Le programme Aadhaar
Voilà un sujet de taille qui passe un peu inaperçu et qui est susceptible de faire évoluer le pays.
De quoi s’agit-il ?
Il s’agit de la mise en place d’un numéro d’identification unique pour chaque citoyen, et donc d’un numéro d’identité national qui est censé favoriser l’accès des plus pauvres à l’aide sociale. L’idée consiste, lors du recensement en cours et dont nous vous avons déjà parlé, de mettre en place un registre national de la population (NPR) avec un numéro d’identité unique à 12 chiffres, auquel on se réfère en hindi par le mot aadhaar qui signifie la fondation, la base.

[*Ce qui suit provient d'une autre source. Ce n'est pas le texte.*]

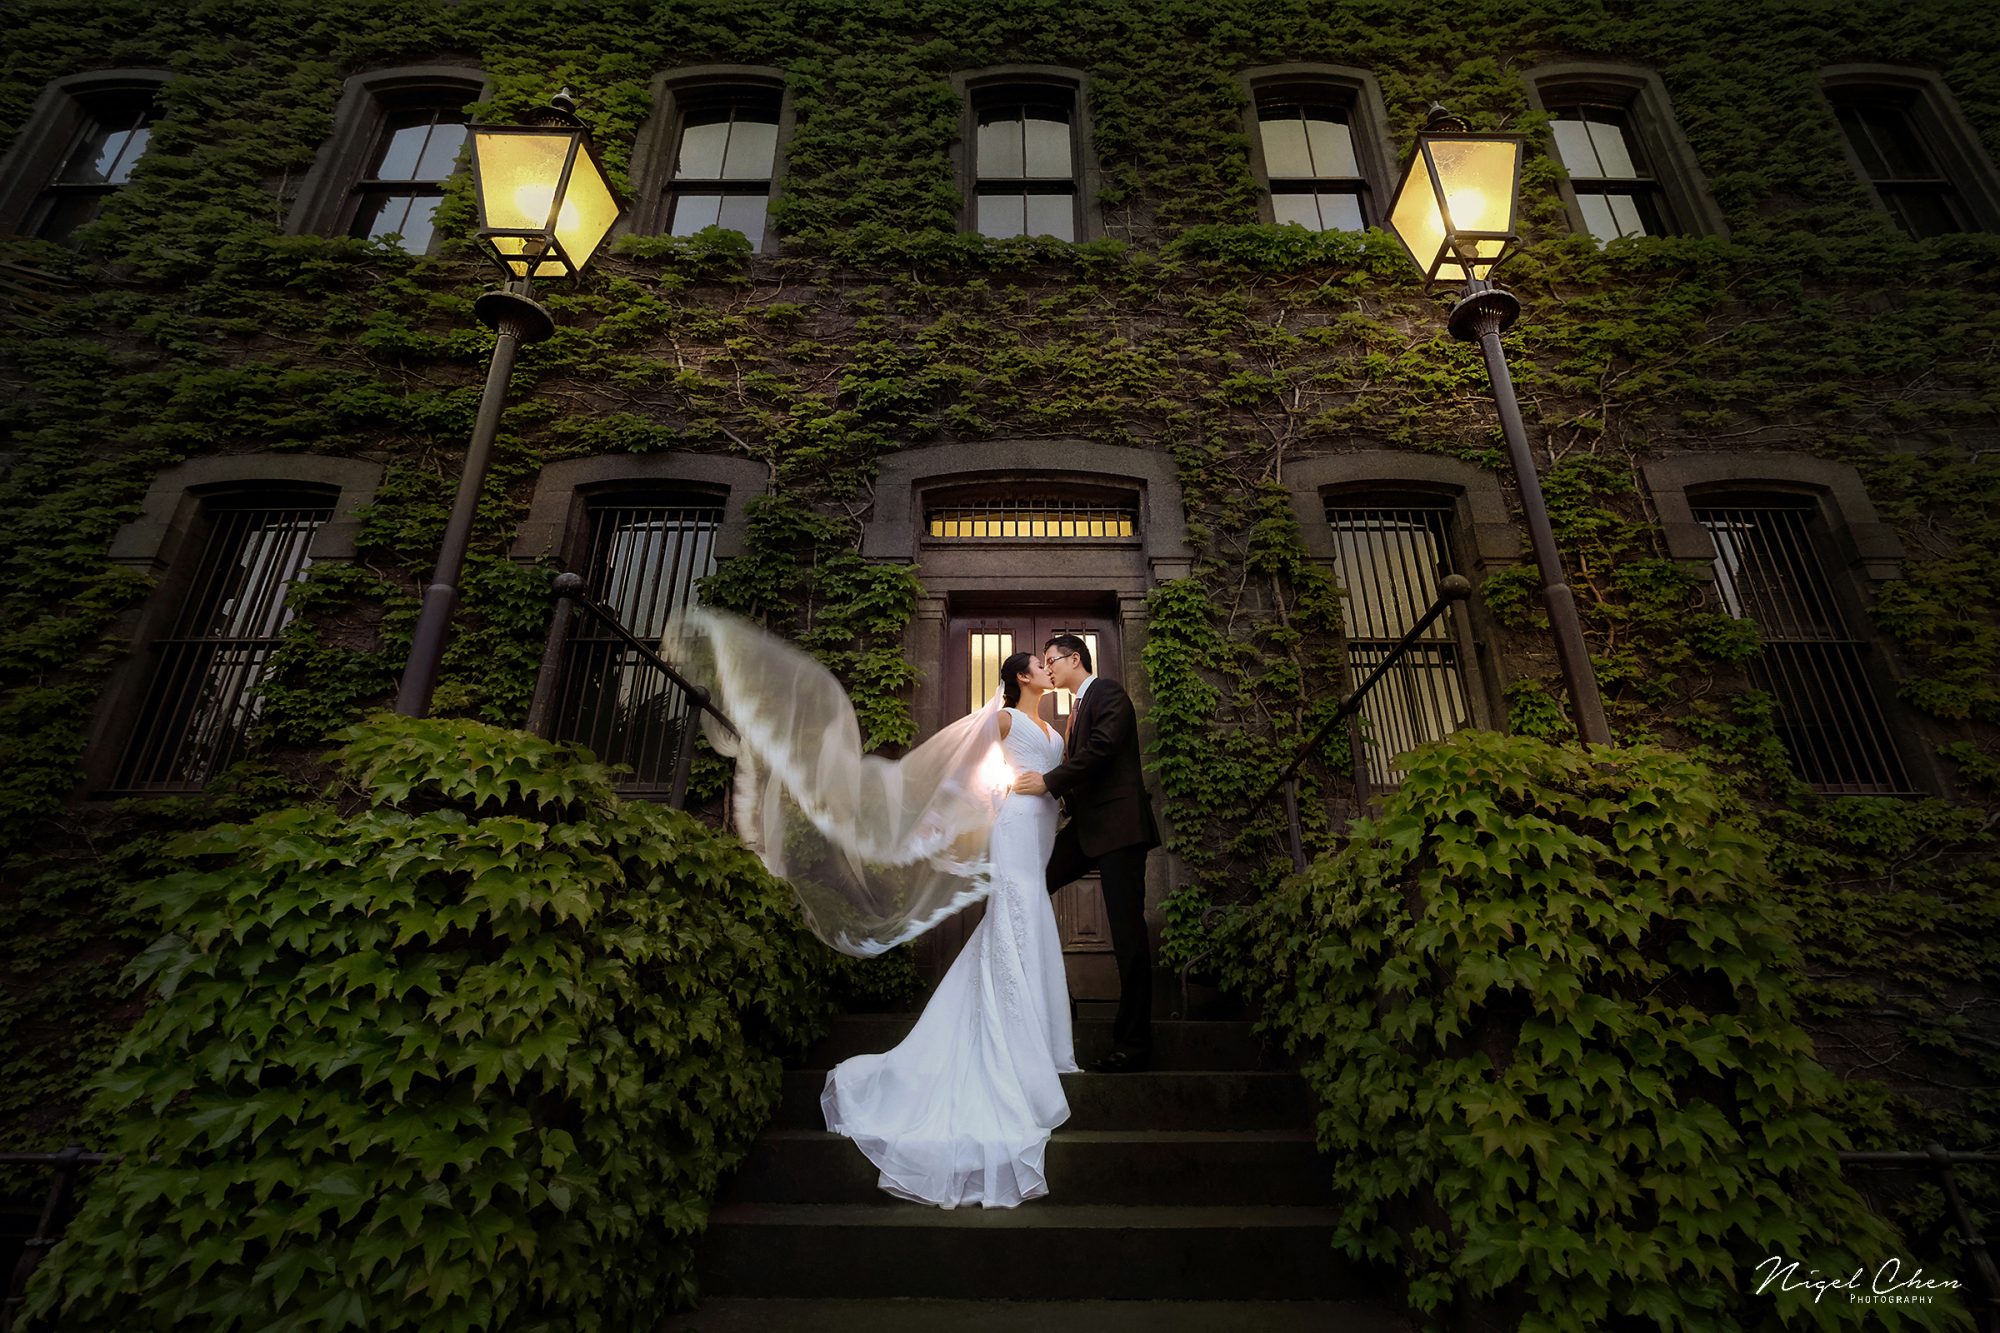 Pre-wedding photography by Nigel Chen Photography.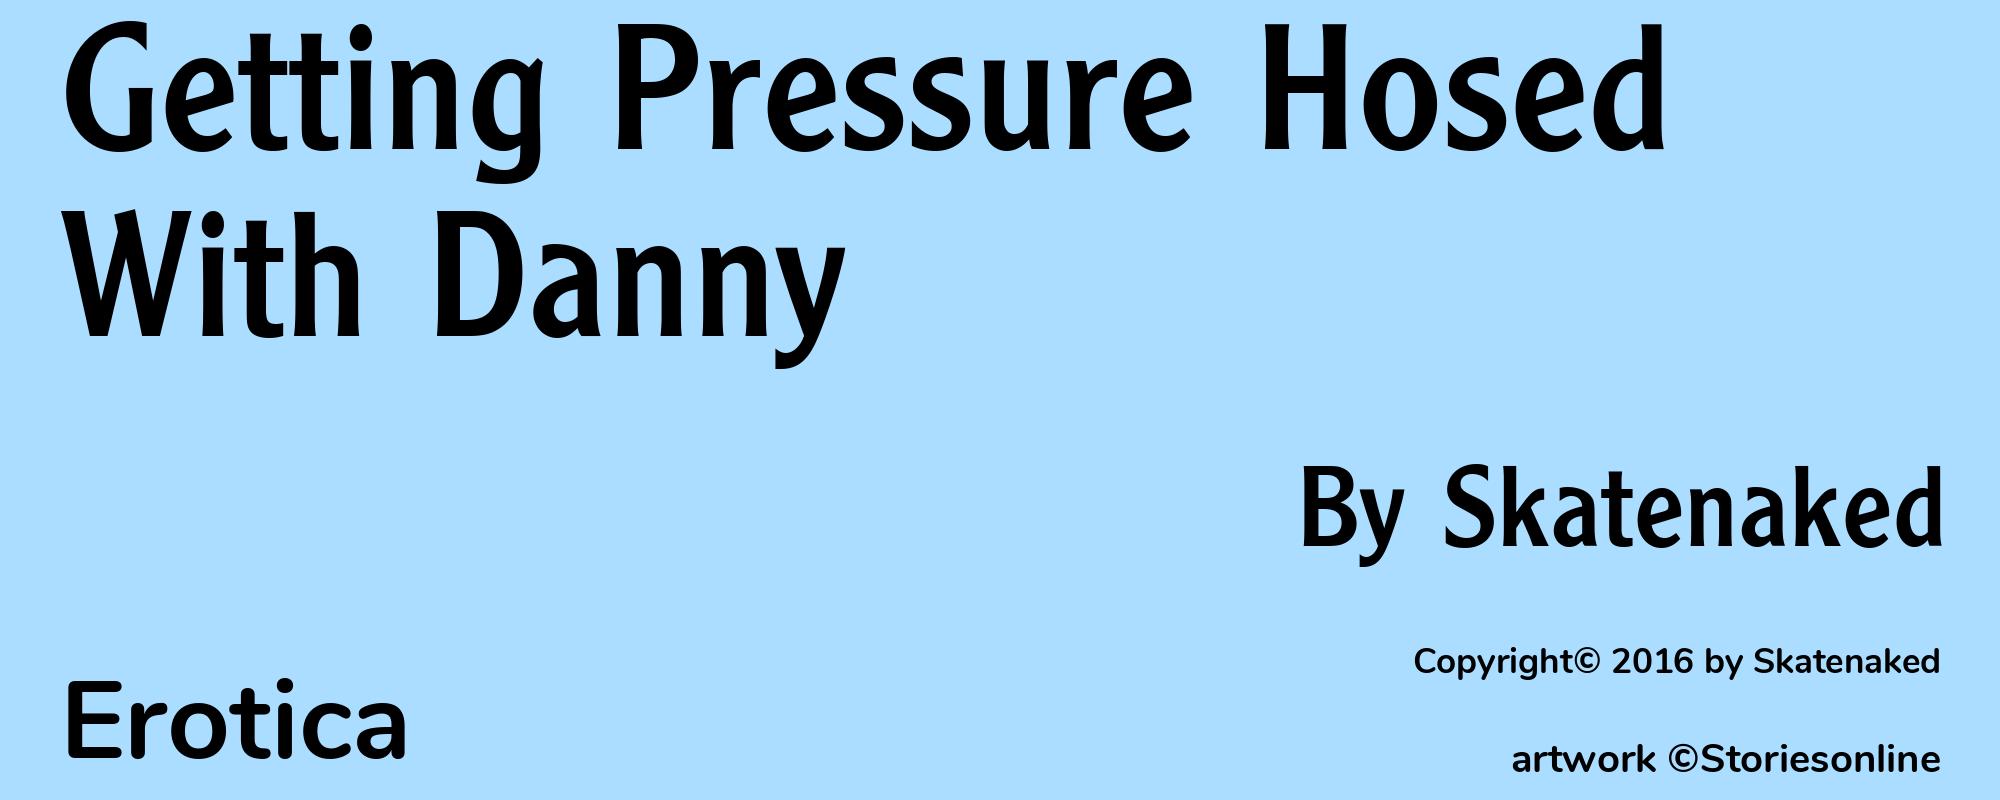 Getting Pressure Hosed With Danny - Cover

L’idée est aussi de rendre ce numéro aadhaar obligatoire pour un certain nombre d’actes administratifs comme la déclaration d’impôt, les relevés d’identité bancaire, les cartes SIM etc.
Ce programme est dirigé par un indien très connu, Nandan Nilekani, fondateur d’Infosys en 1981, la deuxième société de services en ingénierie informatique du pays, et classé en 2009 parmi les 100 personnalités les plus influentes du pays.
Ce programme ne fait pas l’unanimité et certains parlent de Big Brother (Big Browser ?) comme l’estime l’économiste indien Jean Drèze (Economiste indien d’origine belge, coauteur d’ouvrages avec le Prix Nobel Amartya Sen) qui y voit surtout une belle arme de contrôle.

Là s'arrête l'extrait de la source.